Todos os partidos votaram a favor à exceção do Chega, que se absteve.
O parlamento aprovou esta sexta-feira a eliminação da punição de vítimas de tráfico e da criação da figura do coordenador nacional antitráfico de seres humanos.
Os deputados votaram um documento que substituiu aquele que foi inicialmente apresentado pelo Governo, uma vez que contou com várias alterações propostas pelo Livre e pelo PSD durante a sua discussão na Comissão de Assuntos Constitucionais, Direitos, Liberdades e Garantias.

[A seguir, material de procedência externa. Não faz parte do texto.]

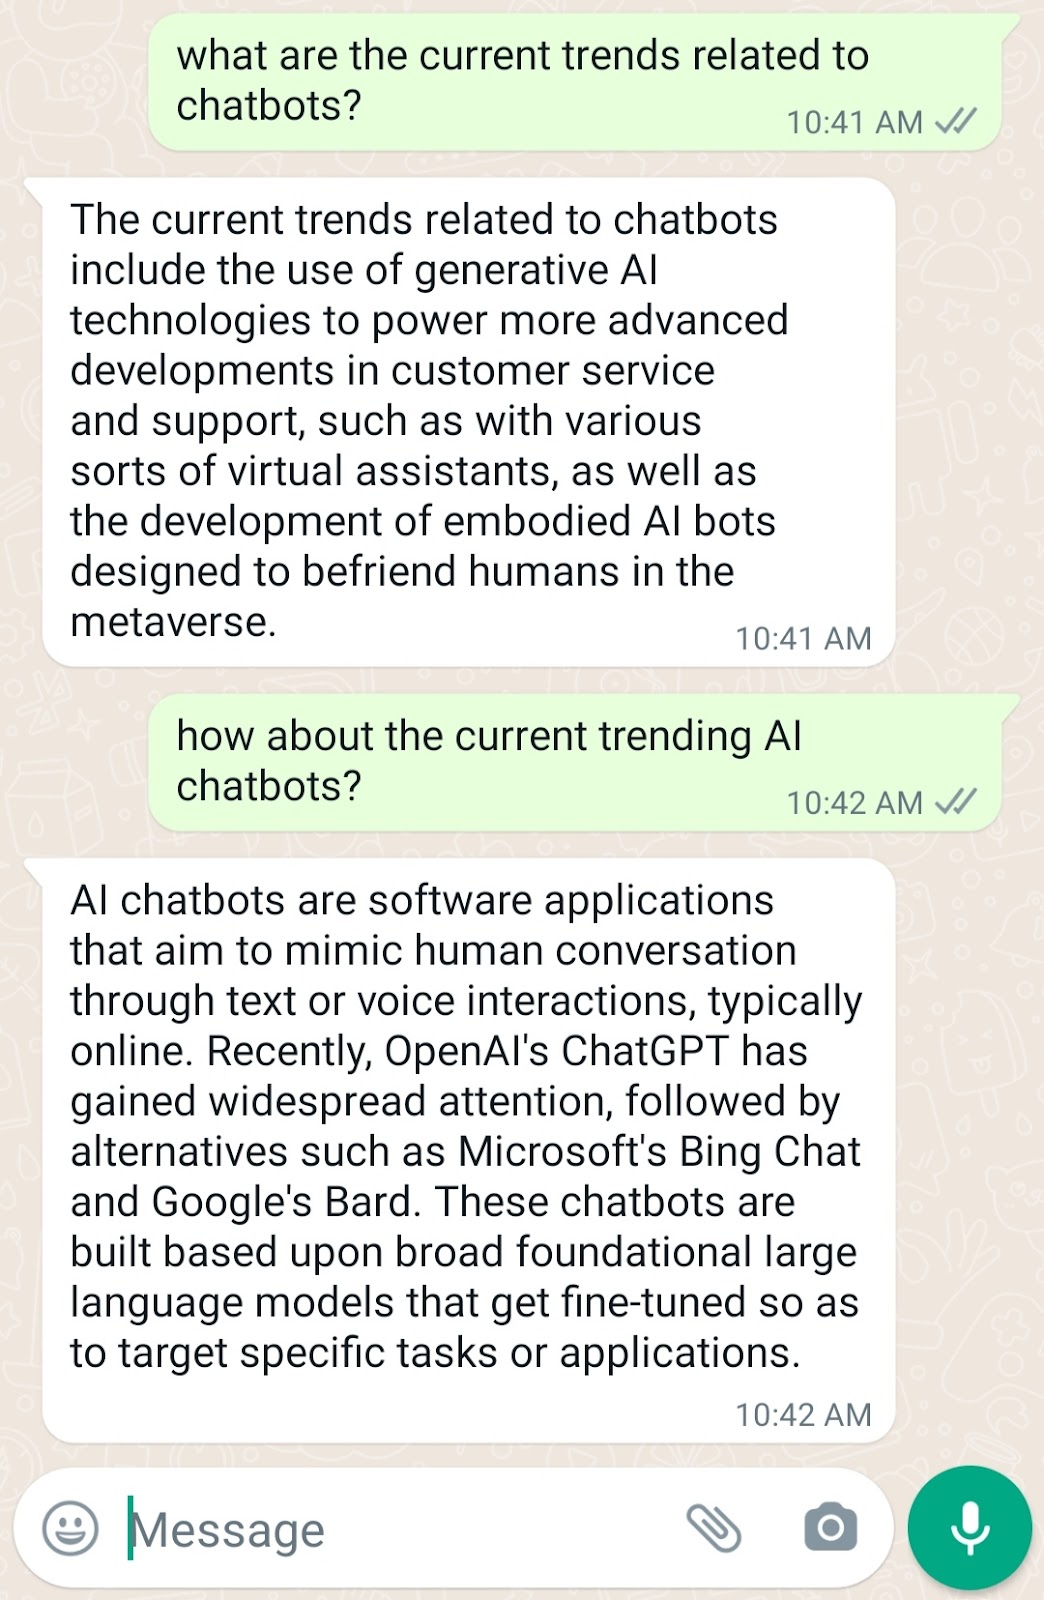 WhatsApp AI Wikipedia Chatbot
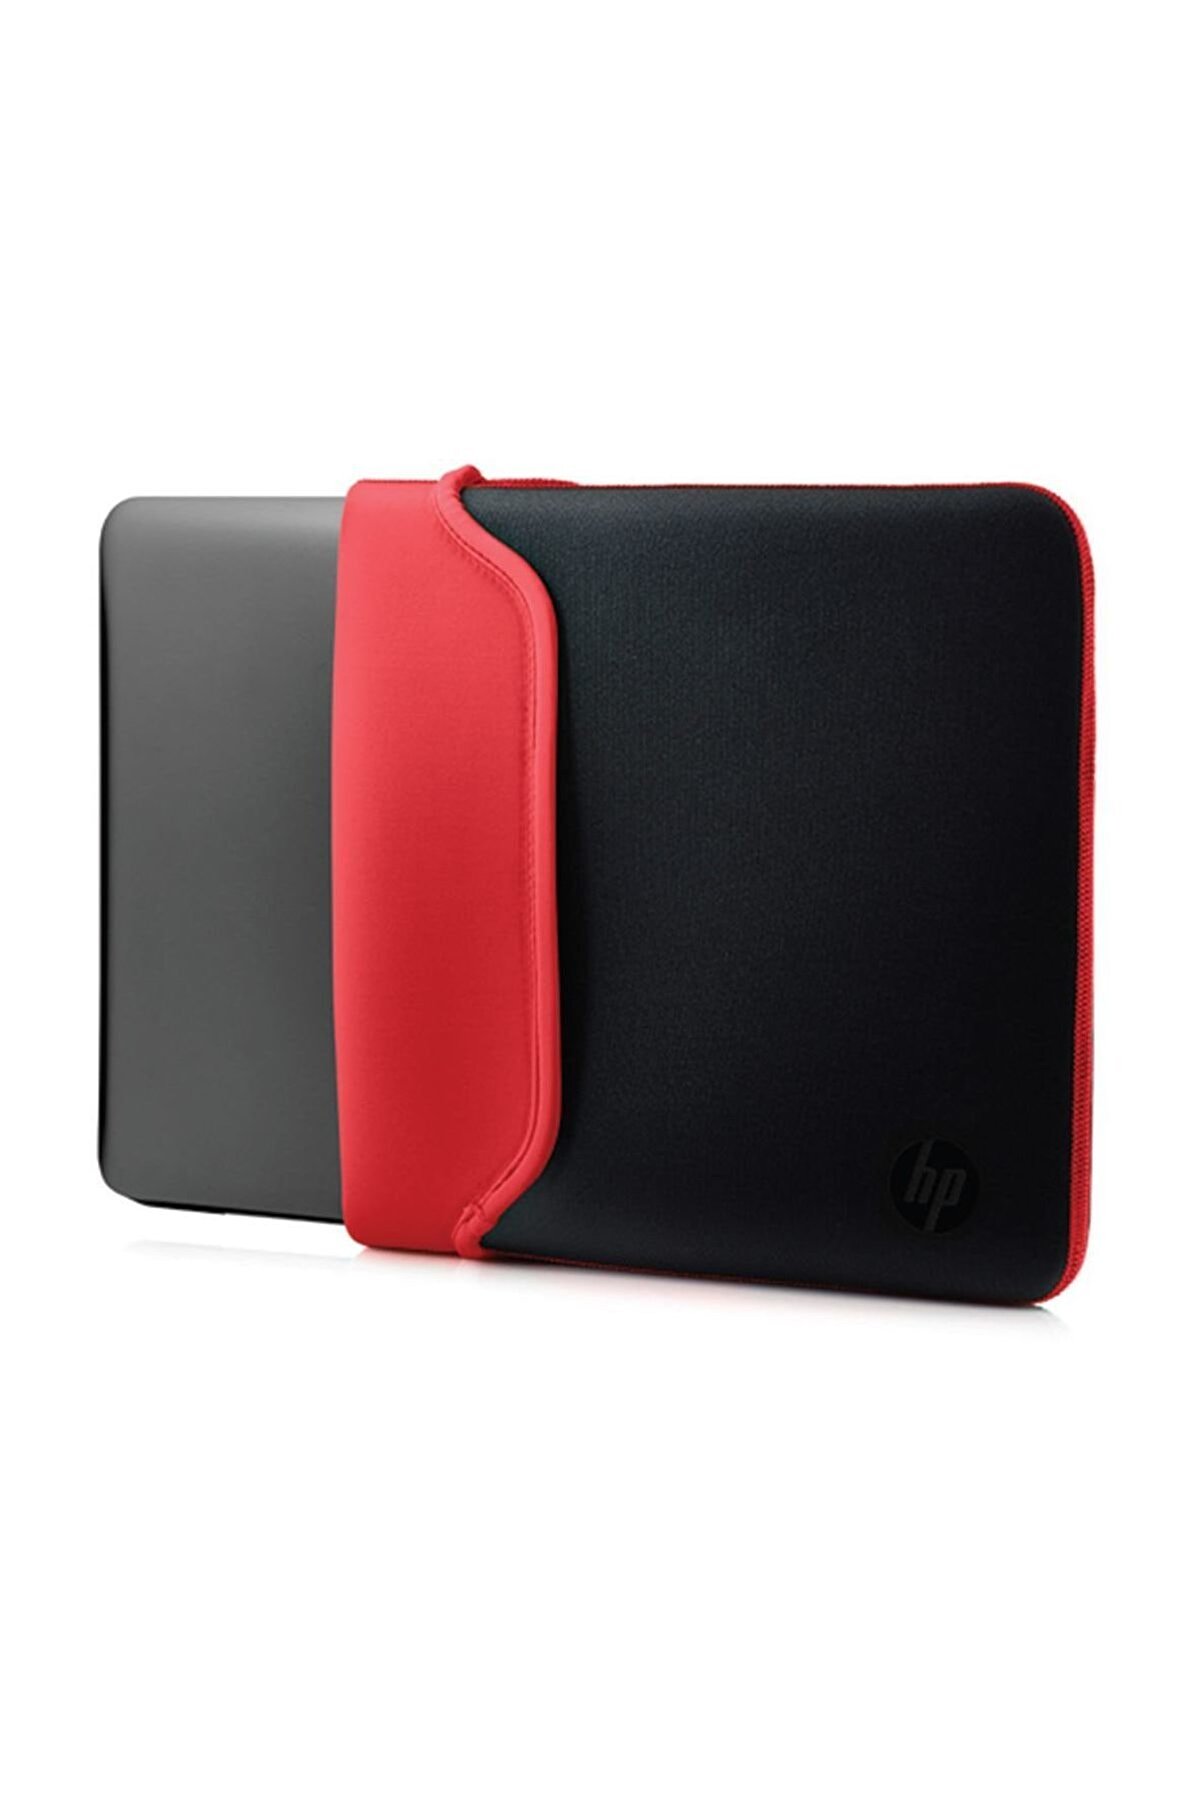 HP V5C30AA 15.6 Neopren Çevrilebilir Notebook Kılıf Siyah/Kırmızı

À exceção do Chega, que votou pela abstenção, os restantes partidos votaram a favor do texto que resulta de uma diretiva da União Europeia.
Segundo a proposta de lei aprovada esta sexta-feira, que prevê uma alteração ao Código Penal, "não são puníveis os atos ilícitos praticados por vítimas de tráfico de seres humanos quando a sua participação nesses atos tenha sido consequência direta de estarem submetidas" a formas de exploração como a exploração sexual e do trabalho, a mendicidade, a escravidão, a extração de órgãos, a exploração de gestação de substituição, de casamento forçado ou da adoção ilegal.
Um dos objetivos desta alteração é, segundo a proposta inicial entregue pelo Governo, "incentivar as vítimas de tráfico a denunciarem o crime ou a procurarem apoio".
Além da alteração ao Código Penal, será criada a figura de coordenador nacional antitráfico de seres humanos que, como explicou o Ministério da Justiça em comunicado enviado na altura da aprovação em Conselho de Ministros, será "designado pelo membro do Governo responsável pela área da cidadania e da igualdade".
As funções desta figura de coordenador passarão por, acrescentou o gabinete liderado por Rita Alarcão Júdice, "promover e coordenar programas de combate ao tráfico, acompanhar as tendências do fenómeno e os resultados das medidas implementadas, e recolher estatísticas em articulação com a Comissão para a Cidadania e a Igualdade de Género, o Observatório do Tráfico de Seres Humanos e a rede de apoio e proteção às vítimas".
Na discussão que aconteceu em junho no parlamento a propósito desta proposta, os partidos reconheceram a necessidade da transposição da diretiva, mas alguns apontaram a falta de meios como um obstáculo.
Também esta sexta-feira, a Assembleia da República aprovou o texto de substituição da proposta apresentada pelo Governo que transpõe outra diretiva relacionada com a prova eletrónica, com alterações do PS e do PSD, que contou com os votos contra do Livre, PCP e Bloco de Esquerda e com a abstenção do Chega.